Размер шрифта
-
+

Спецслужбы первых лет СССР. 1923–1939: На пути к большому террору - стр. 49

Именно Барченко был инициатором таинственной командировки Блюмкина в Тибет. Кто-то считает Александра Барченко ловким шарлатаном и авантюристом, своего рода Блюмкиным от оккультной науки, игравшим с ГПУ в свою игру, кто-то видит в нем непонятого пророка, в любом случае советская госбезопасность точку в этих отношениях поставила расстрелом Барченко в 1938 году, в период больших репрессий.

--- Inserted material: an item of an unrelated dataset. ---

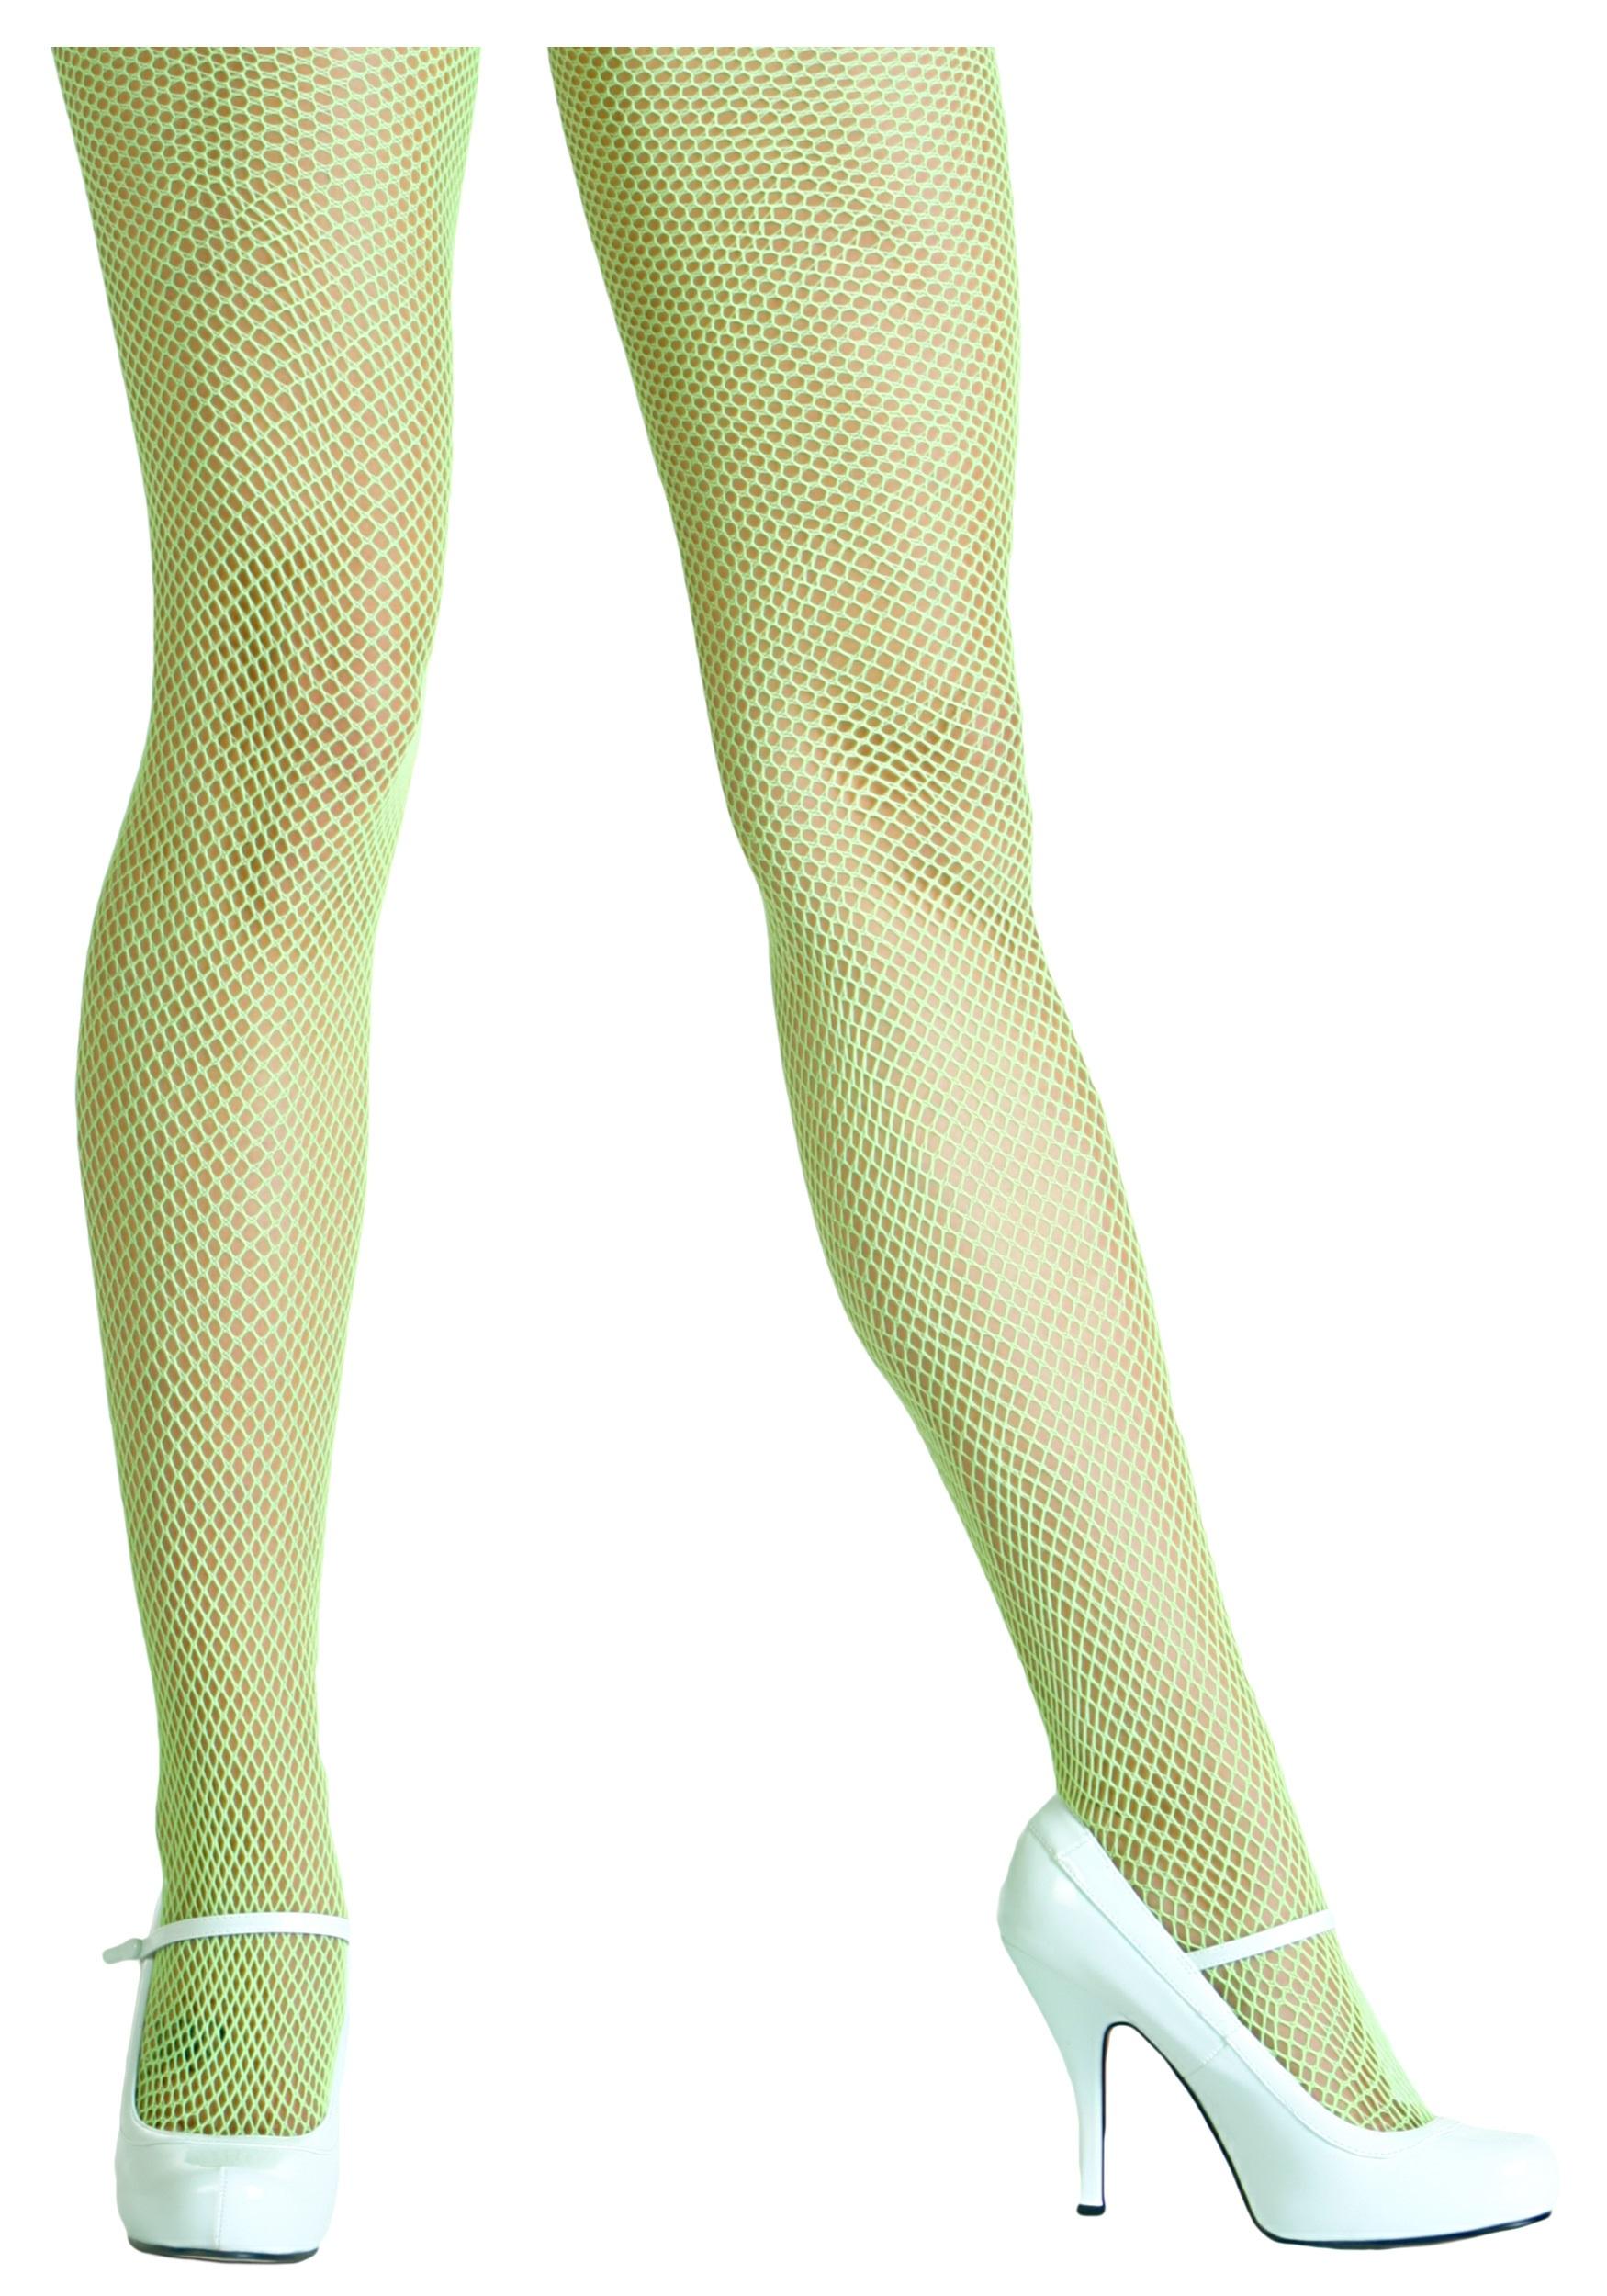 Green Fishnet Tights Neon Green Fishnet Tights

Руководивший тогда тайной работой советской разведки в Китае, Тибете и Монголии Яков Блюмкин заслуживает особого внимания, поскольку именно его деятельность во внешней разведке ГПУ 20-х годов стала наиболее показательной, как и вся судьба этого нестандартного чекиста показательна для этого первого поколения чекистов 20 – 30-х годов. Этот человек одновременно поражал окружающих своей яркой личностью и отпугивал их своим диковатым характером авантюриста. Он мог заступиться в 1920 году за Сергея Есенина, другом которого являлся, лично дав за него поручение, когда ЧК в очередной раз арестовала вольнодумного поэта за антисоветские высказывания в ресторане «Домино». И он же Есенину предлагал пойти с ним в ЧК и посмотреть, как там в подвале расстреливают контру, да и в причастности к гибели самого поэта подозревают того же Блюмкина.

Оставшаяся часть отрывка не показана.